There are two problems with Mr Wittmann's optimism. The first is that Moveon et al will still be in full bark against Mr Bush in 2006. That will not help in a contest where the tables are already stacked against the Democrats. In the Senate, they will be defending seven potentially vulnerable seats while the Republicans will be defending five; in the House, 41 Democrats are defending districts that Mr Bush carried in 2004 while only 18 Republicans are protecting districts that John Kerry carried.

Second, even if a centrist Democrat succeeds in winning the party nomination in 2008, he or she will have a huge mountain to climb. In “The Politics of Polarisation”, a new paper published by the Third Way group, William Galston and Elaine Kamarck, two centrist stalwarts, lay out the topography. The public is profoundly sceptical of the Democrats on both “values” (only 29% of Americans regard the party as friendly towards religion) and defence (it is no accident that the Democrats have won the popular vote only in recent elections—1992, 1996 and 2000—when national security was all but absent from the debate). The party has also lost ground with two groups of swing voters: married women favoured them by four points in 1996, but backed Mr Bush by 12 points in 2004; a 16-point lead among Catholics became a five-point loss in 2004.
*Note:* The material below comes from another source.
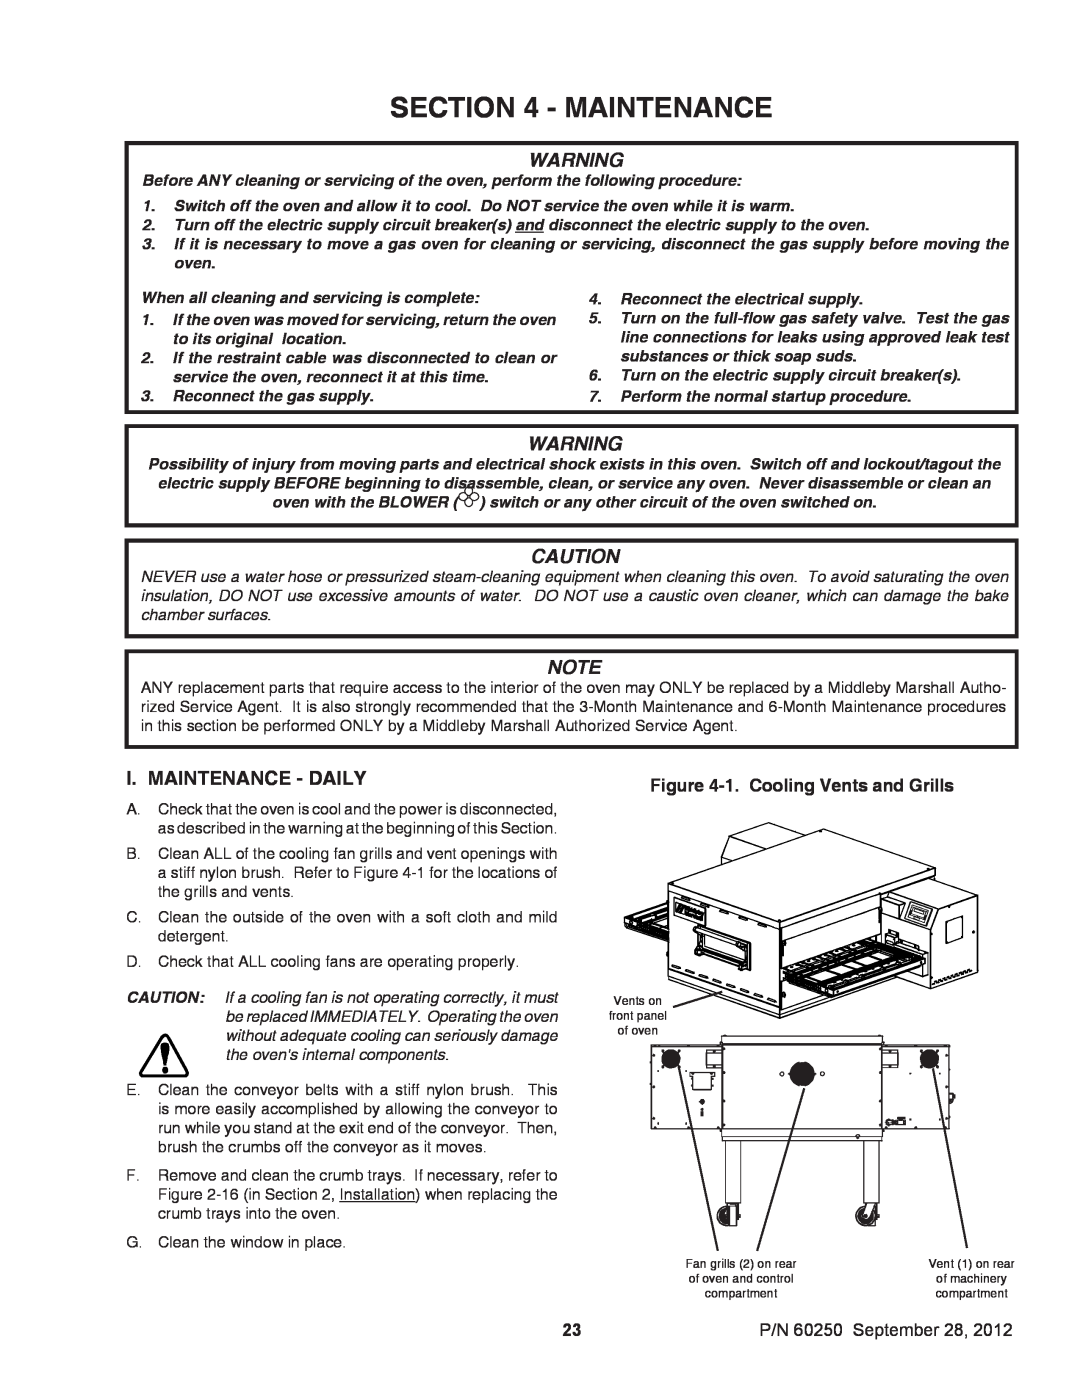 Middleby Marshall installation manual I. Maintenance - Daily, 1. Cooling Vents and Grills, P/N 60250 September

The 1990s showed that left-of-centre parties can climb the highest mountains provided they start early and stick to the right path. Mr Clinton made his political reputation as a reforming governor who was willing to think afresh about everything from education to free trade. No sooner was Mr Blair elected leader of the Labour Party in 1994 than he started tearing up left-wing shibboleths about public ownership and rebranding the party as “New Labour”. So far the Democratic Party has been so paralysed by its internal contradictions that it has wasted its years in opposition. Perhaps it will start laying out a blueprint for government soon. But time is short.